Le troupeau porcin est conduit en 4 bandes avec un sevrage à
28 jours. Deux modes d‘élevage sont pratiqués sur la ferme :
- 100 truies naisseur engraisseur sont élevées en bâtiment sur sol ajouré,
- 70 truies avec naissage en plein air et engraissement sur paille.
La ferme produit 3 200 porcs par an qu’elle commercialise avec le groupement TERRENA PIGALYS (44).





Les terres des Trinottières sont très groupées et à proximité des bâtiments. Il s’agit de sols de texture sableuse avec 3-4 % d’argile avec la présence de graviers. La réserve utile en eau est très faible.
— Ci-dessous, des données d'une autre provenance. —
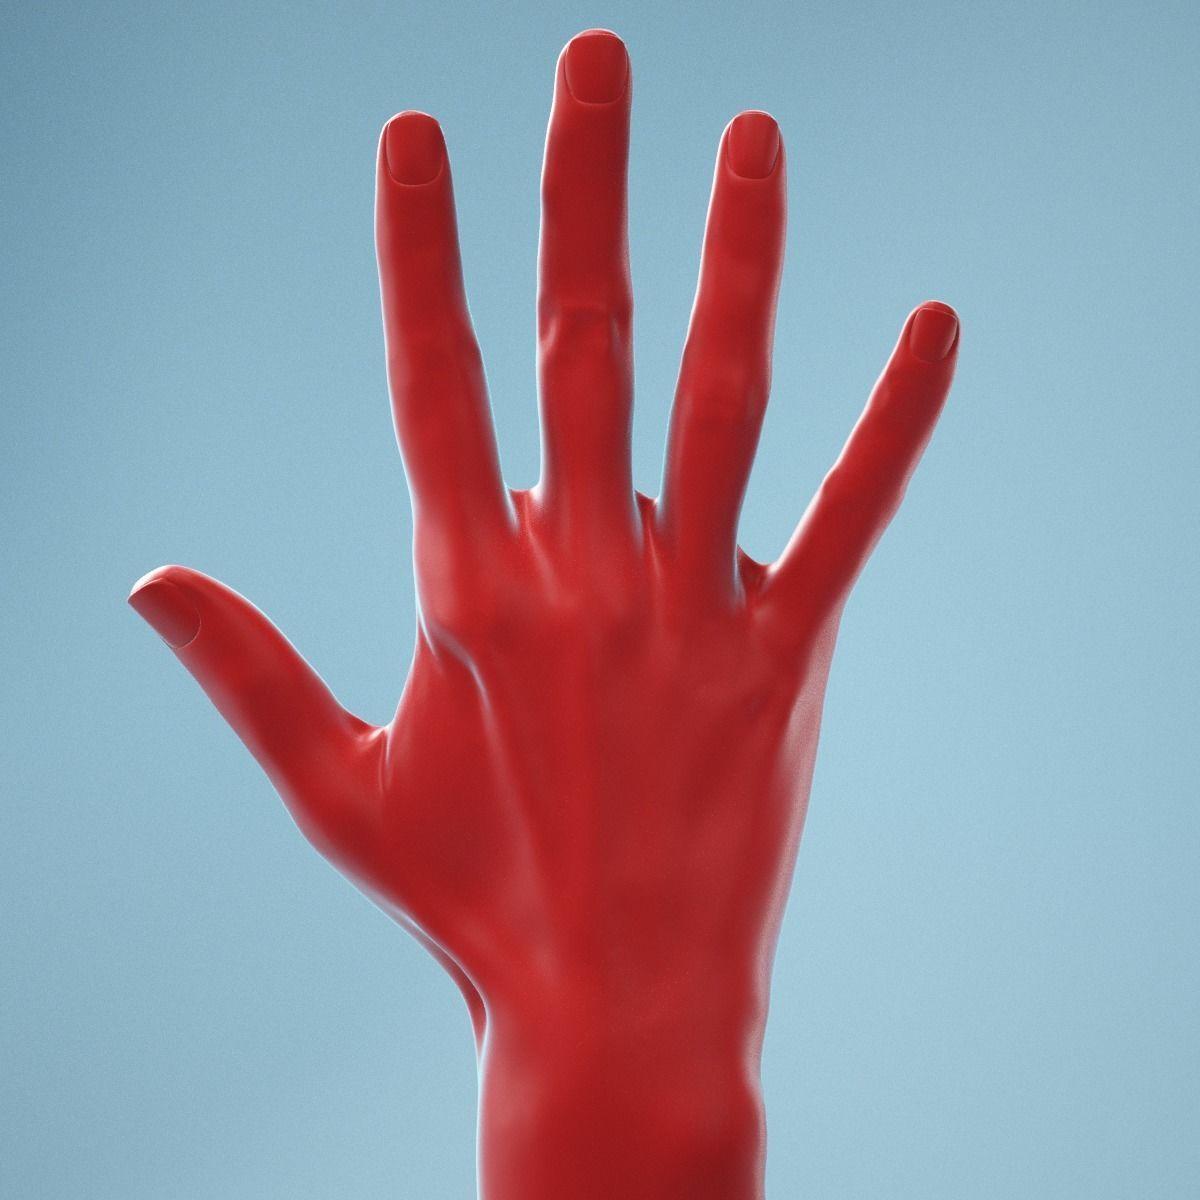 Standard Pose Realistic Hand Model 02

L’irrigation est indispensable pour la production de maïs. L’eau est prélevée dans la rivière du Loir.
L’assolement 2008-2009 est le suivant :
 30 ha de maïs ensilage
 36 ha de maïs grain
 19 ha de sorgho
 9 ha de mélange céréales-protéagineux immatures
 7 ha de gel
 80 ha de prairies temporaires ou naturelles



43 % des surfaces sont en prairies naturelles ou temporaires. Une partie est engagée dans des mesures agro-environnementales (OGAF basses vallées angevines) dont un des objectifs est la protection du râle des genêts. La station est en zone inondable (60 %) et lors des crues les plus importantes (1995), les bâtiments d’élevage ont été inondés. En année normale, il n’est pas rare que des crues viennent perturber le pâturage de printemps ou les semis de maïs.


Les rendements moyens en maïs sont voisins de 15 - 16 T MS par ha pour l’ensilage et 100 qx par ha pour le grain.
Depuis plusieurs années, nos pratiques ont permis de réduire nos consommations en eau. Nous avons modifié l’assolement en réduisant la surface en maïs et en introduisant du sorgho moins exigeant en eau et des céréales immatures qui se développent avant la sécheresse estivale.



L’utilisation de tensiomètre nous permet également d’ajuster au mieux les quantités d’eau aux besoins des plantes. Ainsi la réduction des apports d’eau par passage d’irrigation et la modification de l’assolement nous a permis de réduire nos consommations de l’ordre de 40 %.




Financement


La Chambre d’Agriculture de Maine-et-Loire est responsable des budgets de fonctionnement et d’investissement de la station.
La majeure partie des recettes provient naturellement des produits vendus par l’exploitation (lait, porcs charcutiers, animaux de réforme, veaux mâles, cultures…).
En parallèle, les frais liés aux expérimentations (personnel supplémentaire, équipements spécifiques…) bénéficient du soutien financier des collectivités territoriales (Conseil Général, Conseil Régional), de l’Institut de l’Elevage, du CASDAR.
L’impôt Chambre d’Agriculture participe à l’équilibre budgétaire.